CTLA4Igなどの部分抗体構築物、CTLA−4の融合タンパク質、及び免疫グロブリン(Ig)重鎖のFcは、CD28分子とB7分子の間の相互作用を阻止することを介して、完全なT細胞活性化のための本質的な同時刺激シグナルを阻害するために使用できる。CTLA4Igは、調節性T細胞をT細胞非応答性にする(すなわち、不活性化する)ための医薬として投与できる。Parkら、Pharm Res.(2003)20(8):1239−48を参照のこと。シュードモナス(pseudomonas)外毒素へのIL−2融合物(OnTac)は、調節性T細胞を枯渇化又は不活性化するためのなお別の試薬である。
別の手法において、CD8+細胞溶解性Tリンパ球(CTL)腫瘍アネルギーの誘導を妨害する作用剤が投与できる。アネルギー性抗体などのCD137を作動させる作用剤は、それらのコグネイト抗原に再接触する際に、確立されたアネルギー性CTLの腫瘍細胞溶解性機能を回復させるために使用できる。Wilcoxら、Blood(2004)103:177−184を参照されたい。この手法は、腫瘍抗原に対するT細胞寛容を破壊するために使用できる。
糖質コルチコイド誘導性腫瘍壊死因子レセプターリガンドをCD4/CD25+免疫調節性T細胞に対して作動させる作用剤は、これらの細胞(GITR)の抑制作用を逆転する。Toneら、PNAS(2003)100:15059−15064。
インビボで免疫調節性T細胞を除去し、枯渇化、又は不活性化する方法は、たとえこの方法が宿主抗腫瘍免疫応答を活性に抑制する免疫調節性T細胞以外の細胞を除去する場合でも使用できる。免疫調節性T細胞を除去し、枯渇化、又は不活性化するための労力は、所定の期間の治療の間に複数回実行できる。また、異なる方法が一緒に使用できる(例えば、エキソビボでの細胞除去及びインビボでの枯渇化又は不活性化)。枯渇化又は不活性化のために投与される抗T細胞抗体の量は、移植分野において使用される量と同様であってもよい。例えば、Meisterら、Transplantation(1994)27;58(4):419−23を参照のこと。抗CD−40リガンド。
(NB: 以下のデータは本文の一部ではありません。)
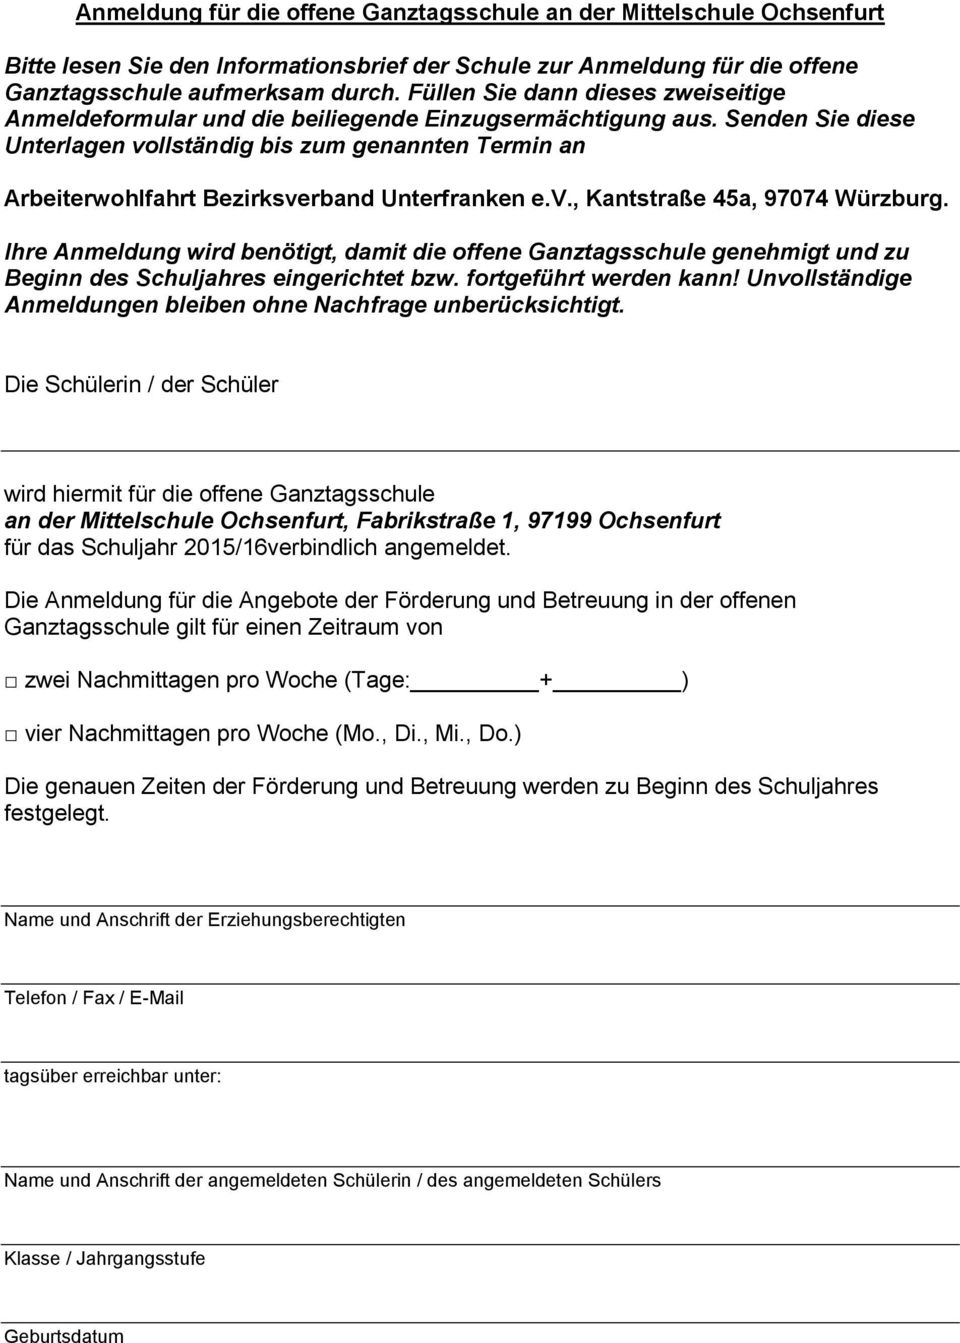 Senden Sie diese Unterlagen vollständig bis zum genannten Termin an Arbeiterwohlfahrt Bezirksverband Unterfranken e.v., Kantstraße 45a, 97074 Würzburg.
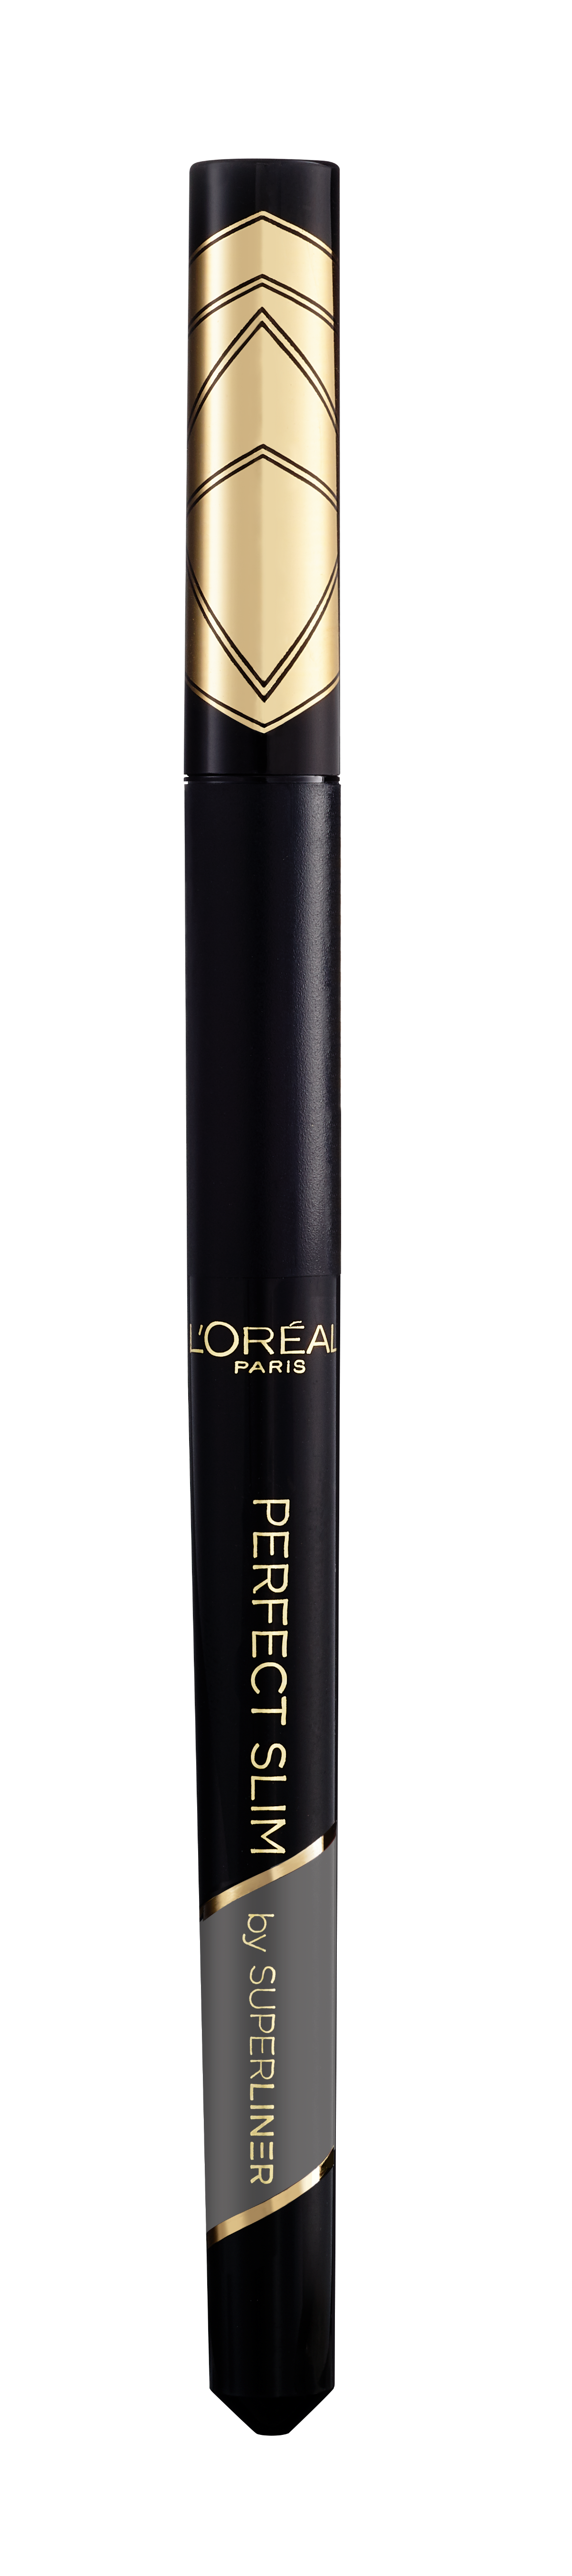 Підводка для очей L’Oréal Paris Super Liner Perfect Slim, відтінок 02, 1 мл (AA212700) - фото 1

免疫調節性T細胞は、本発明の癌療法剤の投与の前、その間、及び/又はその後に枯渇化又は不活性化できる。免疫調節性T細胞は、好ましくは、本発明の癌療法剤を投与する前に枯渇化される。
さらなる態様において、本発明の癌療法のための方法には、抗腫瘍免疫を増強するための免疫細胞への養子移入が含まれる。本明細書中で使用される場合、「養子移入」とは、別の個体から、又は同じ個体からの免疫細胞の投与をいう。これらは好ましくはT細胞であり、これは、エキソビボで活性化でき、抗腫瘍免疫応答を支持する際に機能する能力を増強する。養子移入される免疫細胞は、例えば、IL−2及び/又は抗CD3抗体への曝露を含む、種々の周知の作用剤のいずれかによってエキソビボで活性化できる。エキソビボ活性化はまた、癌細胞ワクチンへの曝露を含み得る。このような癌細胞ワクチンは、処置される個体から、又は完全に別の癌からの、生きているか(しかし複製しない)又は殺傷された癌細胞を構成し得る。このワクチンはまた、癌細胞抽出物、又は癌細胞由来の精製されたワクチン調製物であってもよい。癌細胞ワクチンは当該分野において周知であり、周知の方法に従って調製できる。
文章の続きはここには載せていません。